The increase rounds off a highly successful year for Zoom. This time last year it was a relatively obscure company, hardly known outside of the US, but by March the video conferencing service had become a household name.
The need for collaboration software, tied to the fact it offered a free service alongside a paid business tier, helped put the company in startups, schools and homes around the world.
«Strong demand and execution led to revenue growth of 367% year-over-year with solid growth in non-GAAP operating income and cash flow in our third fiscal quarter,» said Zoom CEO Eric Yuan.
«We expect to strengthen our market position as we finish the fiscal year with an increased total revenue outlook of approximately $2.575 billion to $2.580 billion for the fiscal year 2021, or approximately 314% increase year-over-year.»
Zoom is expecting its growth to continue into 2021 with total revenue estimated to be between $806 million and $811 million for Q4. However, its revenue will be offset by higher cloud costs due to the sheer amount of free users.
The company said it had 433,700 customers with more than 10 employees in Q3, which is a 485% increase from 2019 but only a 17% increase from the second quarter.
The video conferencing service does use its own data centres, but it also heavily relies on vendors like AWS and Oracle, which means it will bear some the cost for its free tier users.
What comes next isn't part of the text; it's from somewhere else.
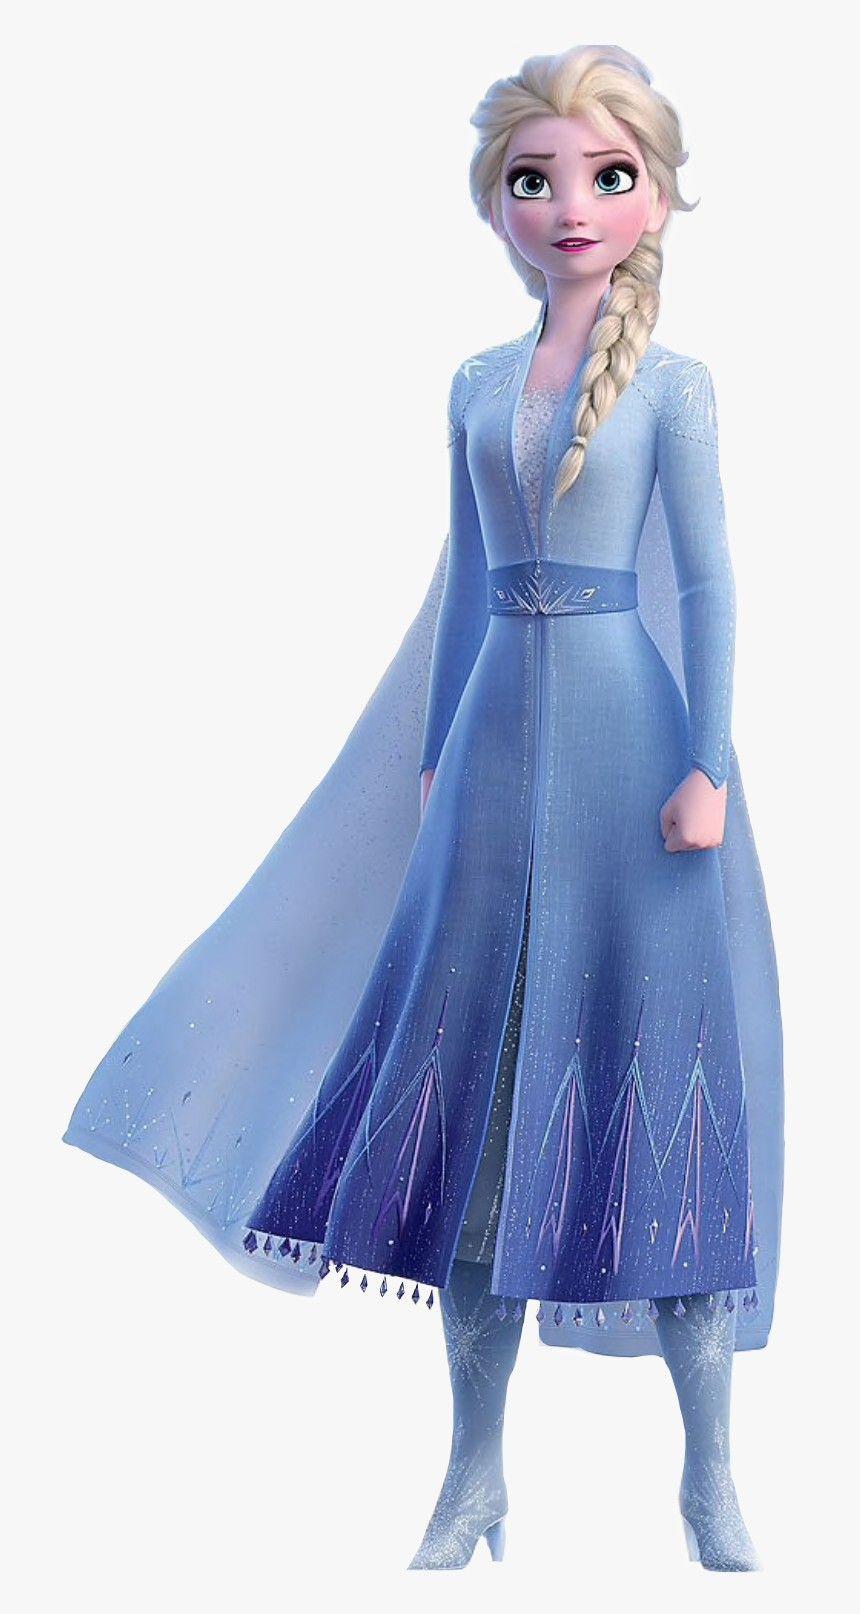 Pin By Selfianti Saputri On Frozen 2 Disney Frozen Elsa Art Elsa Frozen Frozen Pictures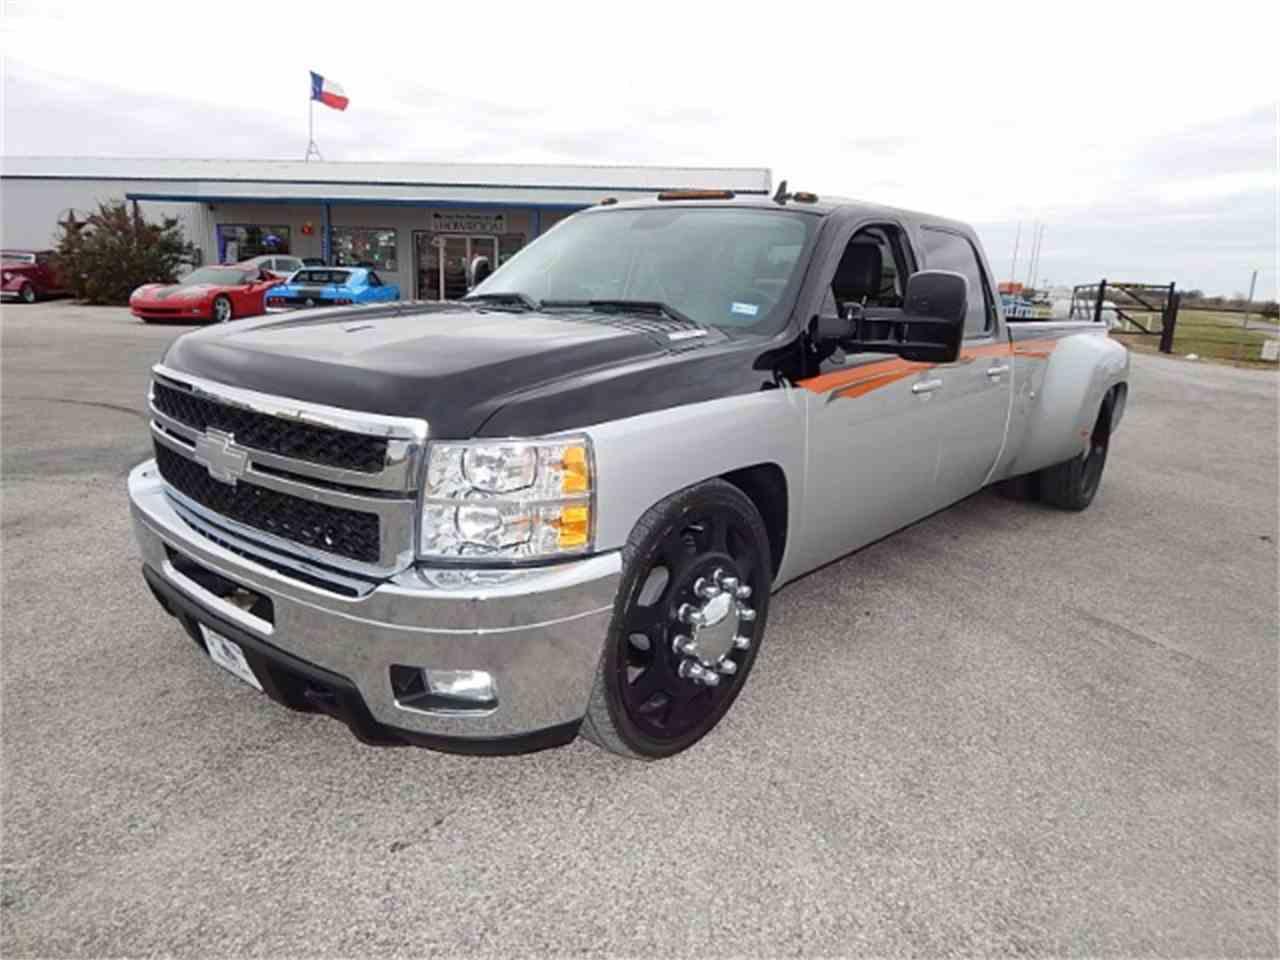 2011 Chevrolet Silverado for Sale - CC-990909

This pushed its gross profit margins down to 66.7%, below analyst estimates of 72.1%.
While the firm has its own high expectations for Q4, its gross margins are likely to remain lower than expected as the spike in free users continues to offset its overall business revenues.
Zoom also announced this that it has selected AWS as its preferred cloud provider. This comes just months after the company shifted a portion of its cloud infrastructure to Oracle Cloud due to an unprecedented surge in new users following the announcement of lockdown restrictions.